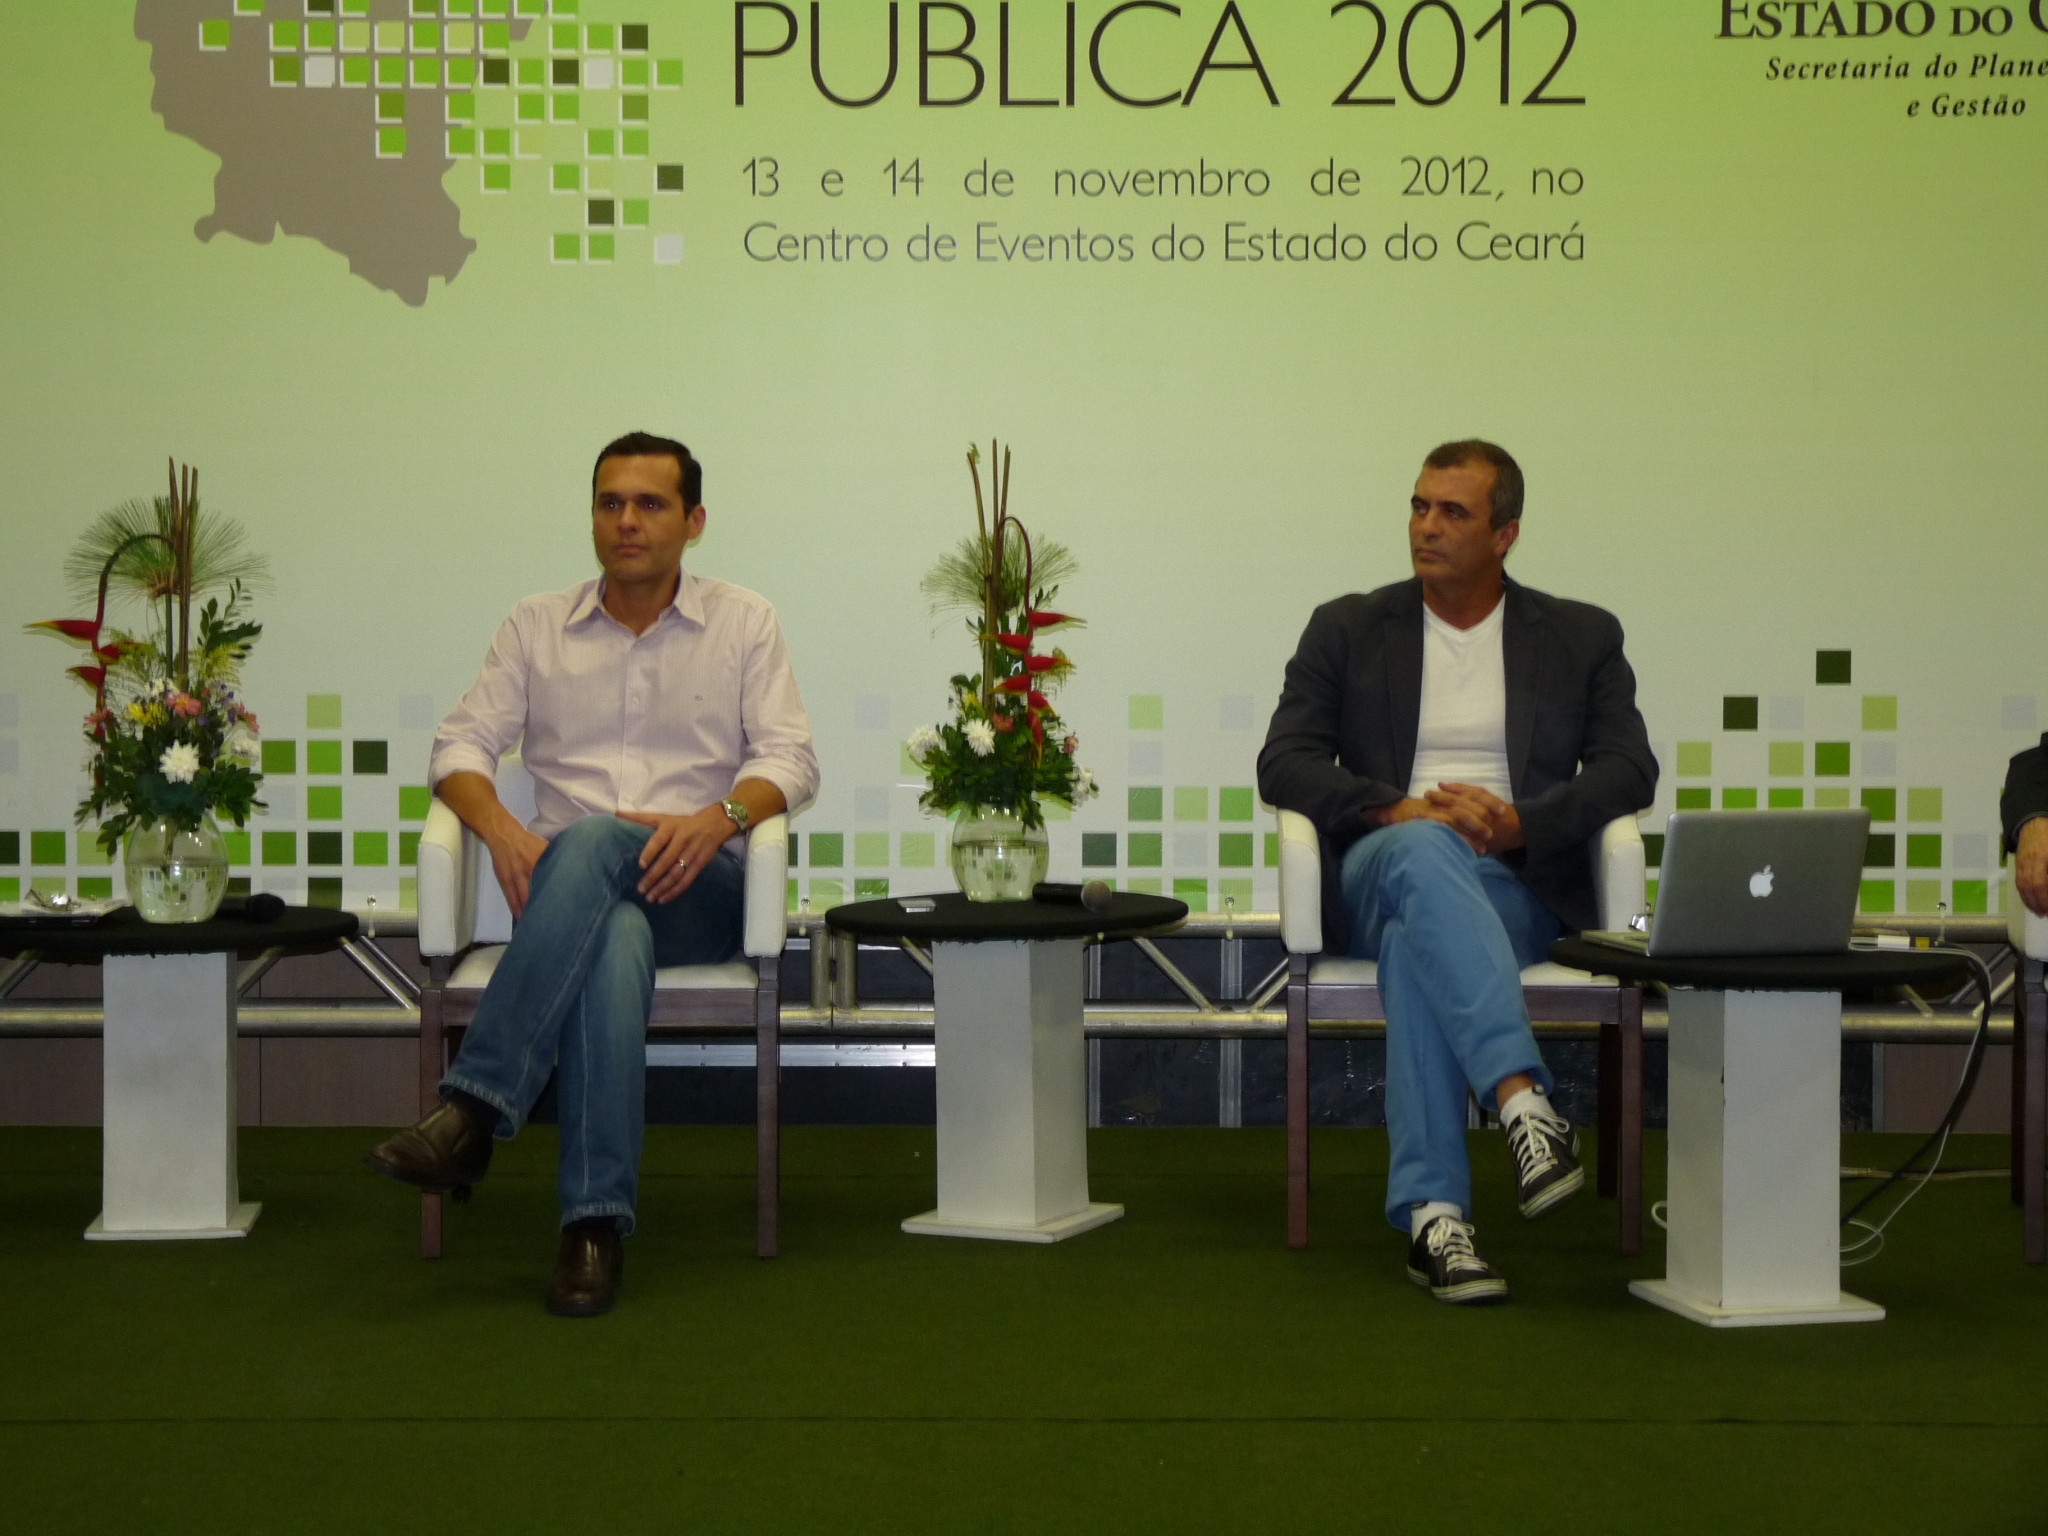 Palestra de Paulo Barros encerra Congresso de Gestão Pública 2012
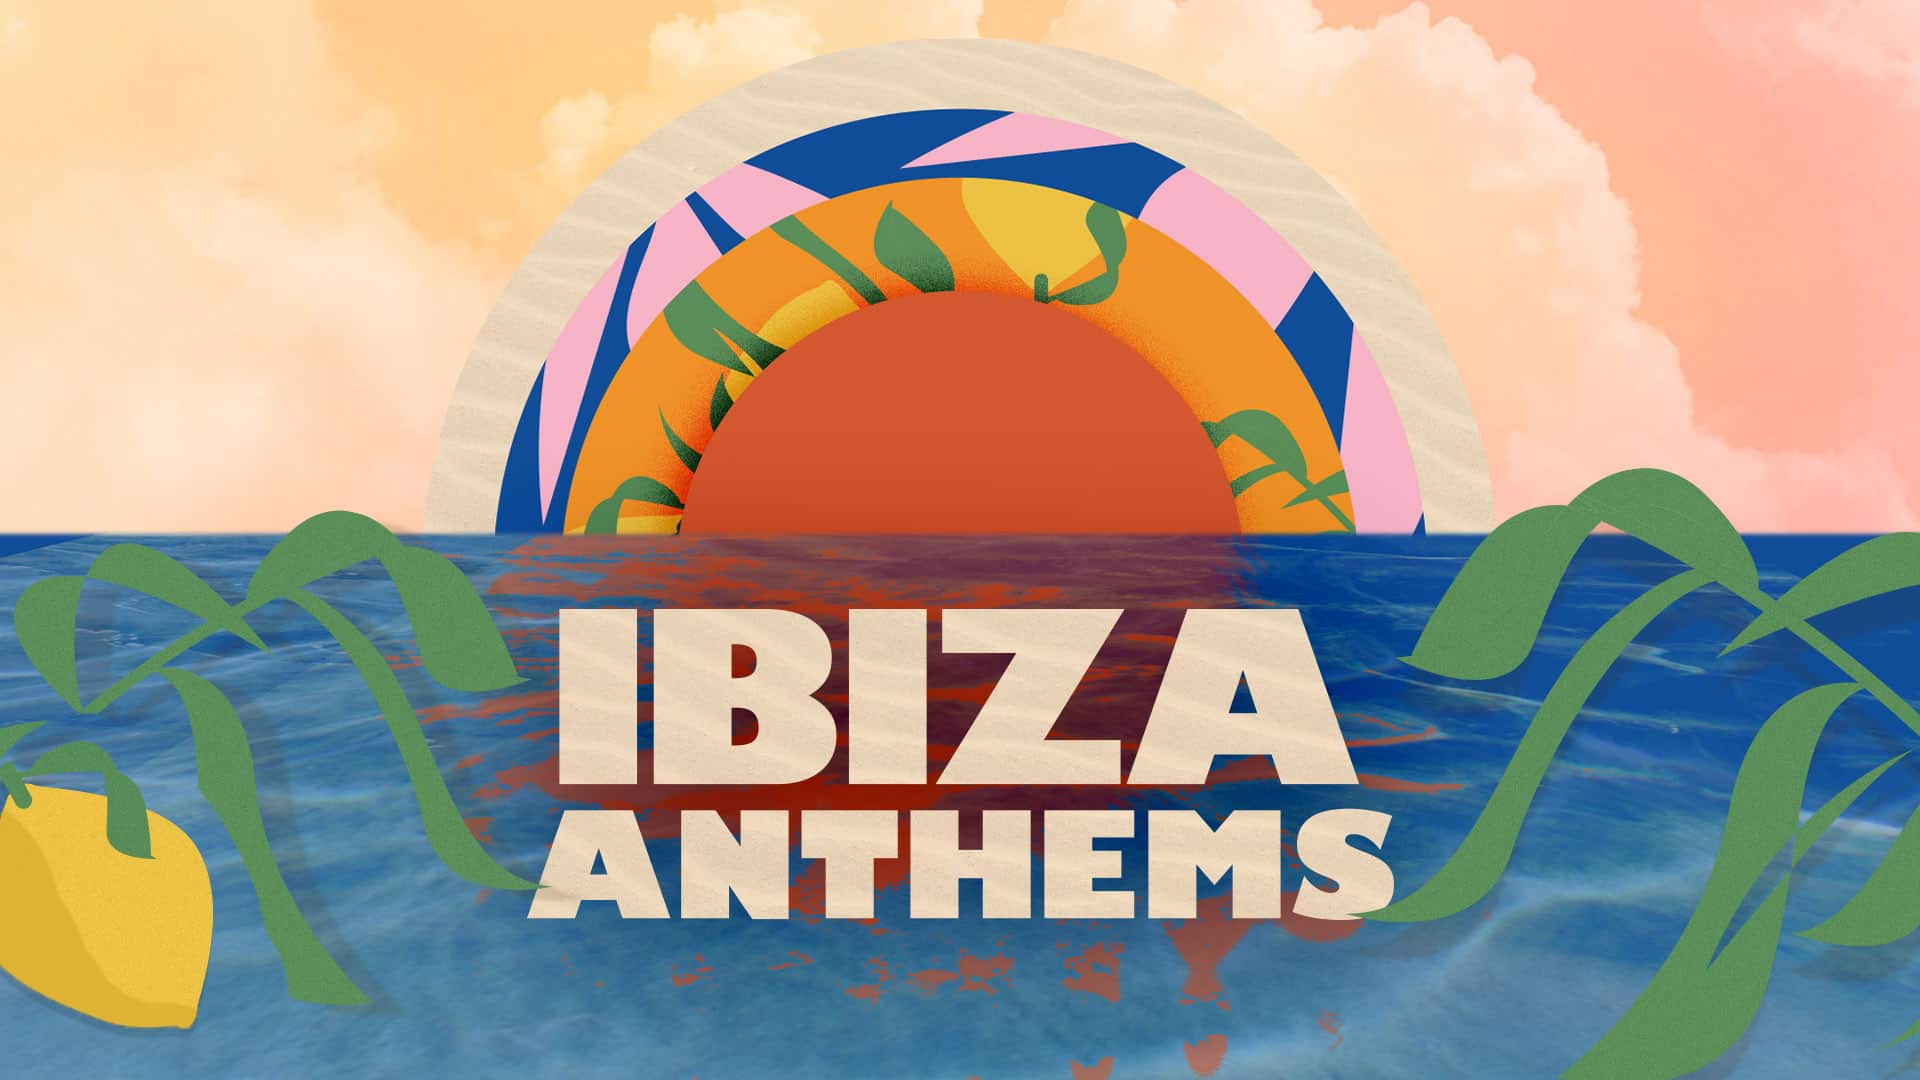 Ibiza Anthems event banner
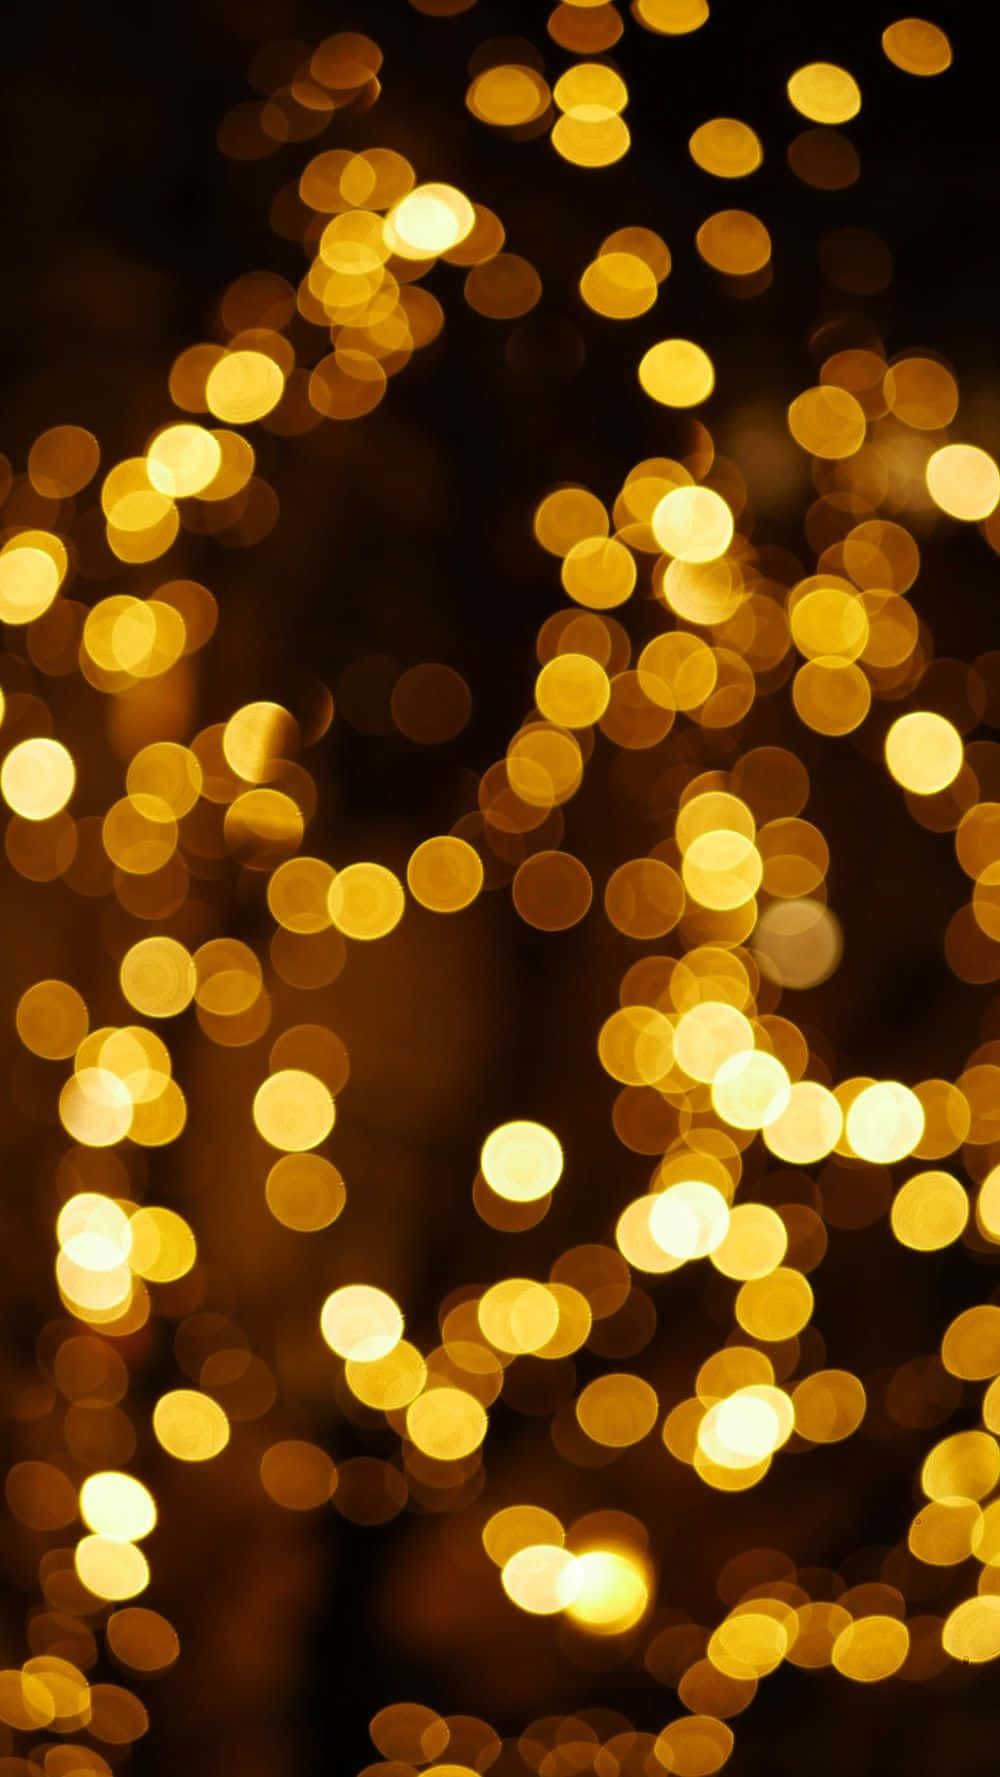 Bokeh lights in the night - Christmas lights

### Work item
Without any pictures, repeat the listing exactly.

### Result of the task
 Palestra de Paulo Barros encerra Congresso de Gestão Pública 2012
 Ibiza Anthems event banner
 Bokeh lights in the night - Christmas lights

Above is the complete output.